This is for example if you have your data in different numpy.ndarray
You can also a single np.ndarray as long as you define the index of the target column (last column by default). pandas.DataFrame are also supported, following the same indications.
Dossy Shiobara
@dossy
I know this is a n00b question, but if I’m working with strings, I have to vectorize them first? I can’t just pass in a pandas.DataFrame containing strings - only real/int values?
Dossy Shiobara
@dossy
How do you actually implement this as a stream processor? How do you operationalize this so it implements online learning, and periodically checkpoints to disk and reloads when restarted, etc.? I want to stream log data at it and have it classify events in the stream ... looks like scikit-multiflow is only a small part of the puzzle and there’s a lot of stuff you have to develop yourself around it?
Jacob
@jacobmontiel

I know this is a n00b question, but if I’m working with strings, I have to vectorize them first? I can’t just pass in a pandas.DataFrame containing strings - only real/int values?

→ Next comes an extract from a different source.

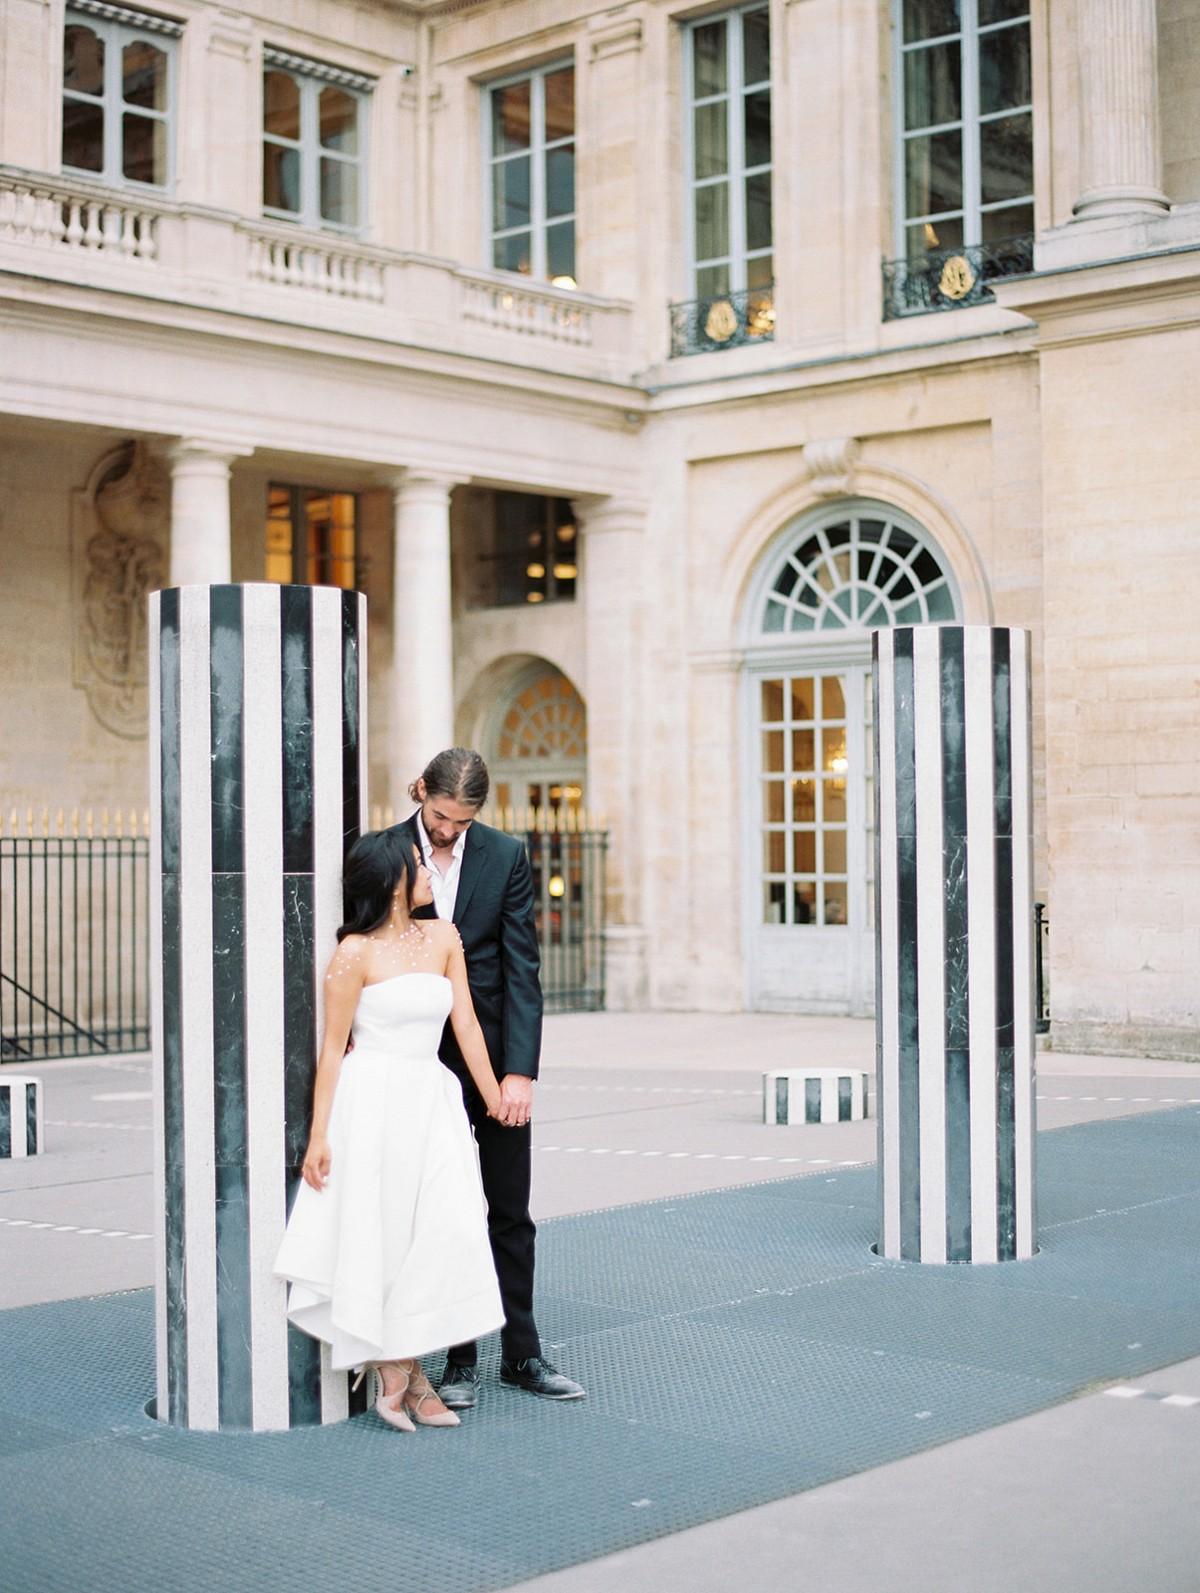 paris engagement shoot ideas
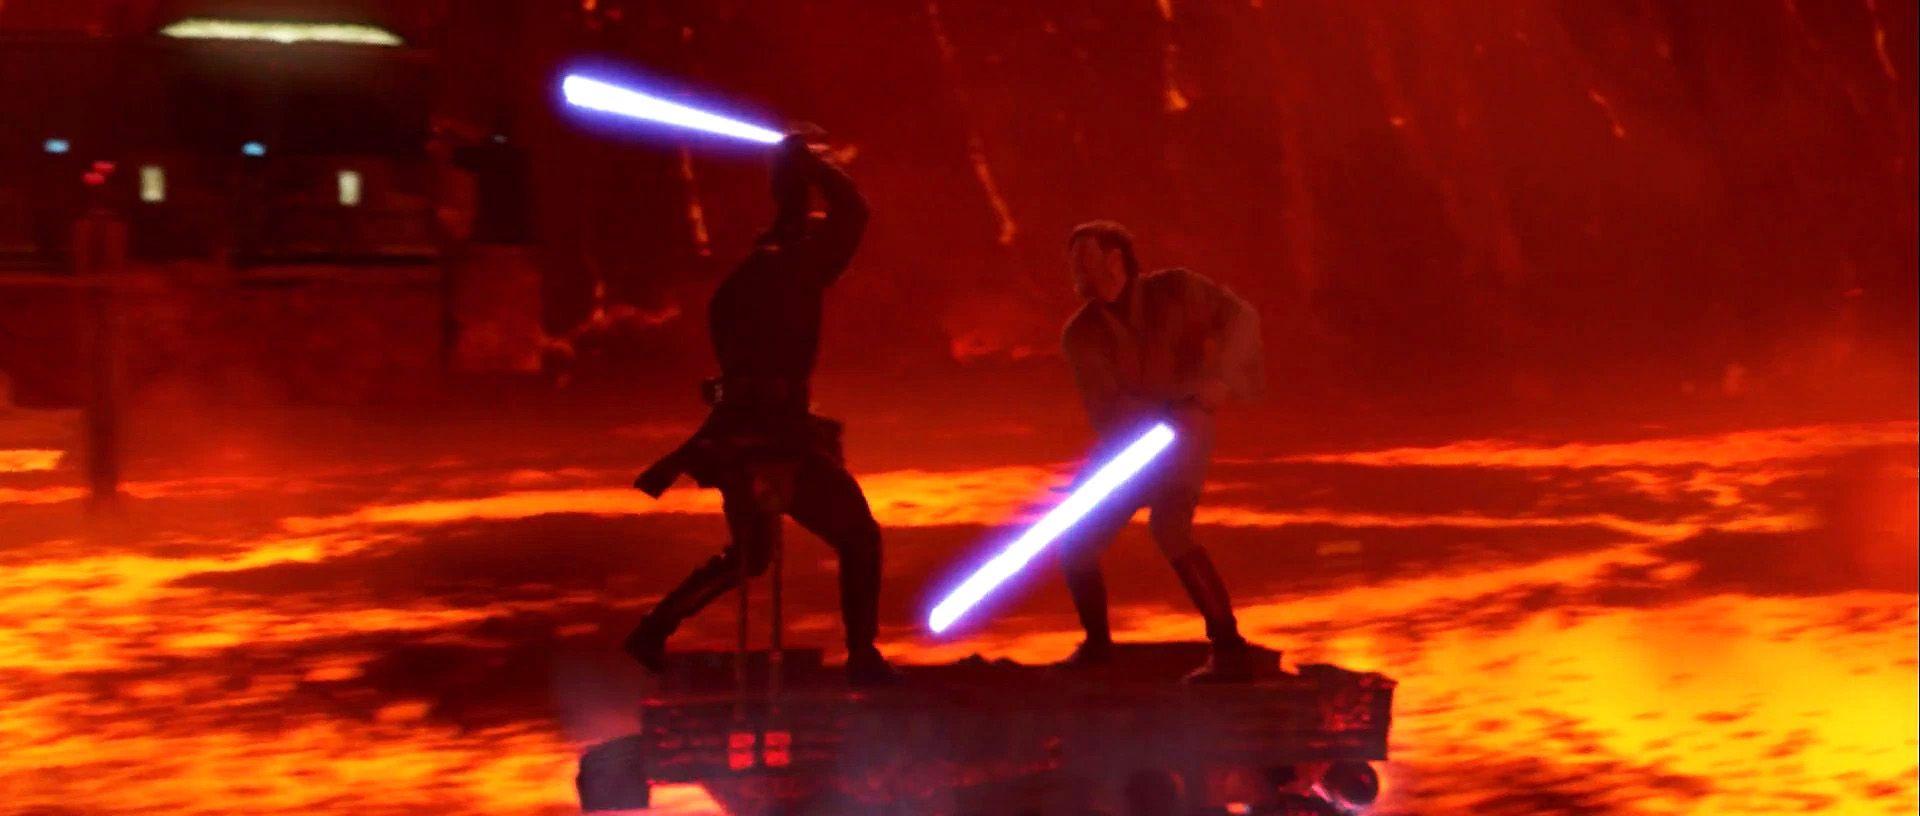 Anakin Vs Obi Wan Wallpaper Star Wars Movies Ranked Obi Wan

All questions are welcomed. Currently, we only support numerical data. Your data must be pre-processed. As you mention, scikit-multiflow is focused on the learning part. The idea is that you can take it and integrate it as part of your workflow.

Jacob
@jacobmontiel
scikit-multiflow processes data one sample at a time. We provide the FileStream and DataStream classes for the case when you have data in a file or in memory. Both are extensions of the Stream class. If you want to read from log file you could process each log as it arrives (convert to numerical values) and the pass it to a model. The operation to receive and process the log entry can be wrapped in an extension of the Stream class. The most relevant method is next_sample.
tlfields
@tlfields
Hello, does anyone know how to add a random forest to sckit-multfilow? Not he adaptive random forest, but a random forst with no drift adaptation. Or is this somehthing that has aready been done? Thank you for your help
nuwangunasekara
@nuwangunasekara
Is there a way to achieve something similar to sklearn.preprocessing.OneHotEncoder() in scikit-multiflow in a streaming setting?
Any tip is highly appreciated. Thanks!
Niek Tax
@TaXxER

Hi, I am building a HoeffdingTree classifier on a heavily imbalanced data stream (only ~1 in 1000 data points are of the positive class). Using the EvaluatePrequential evaluator I am able to plot the precision and recall, however, the recall is extremely low as the model learns to predict the negative class almost always (only 50 positive predictions in my stream of 10 million data points).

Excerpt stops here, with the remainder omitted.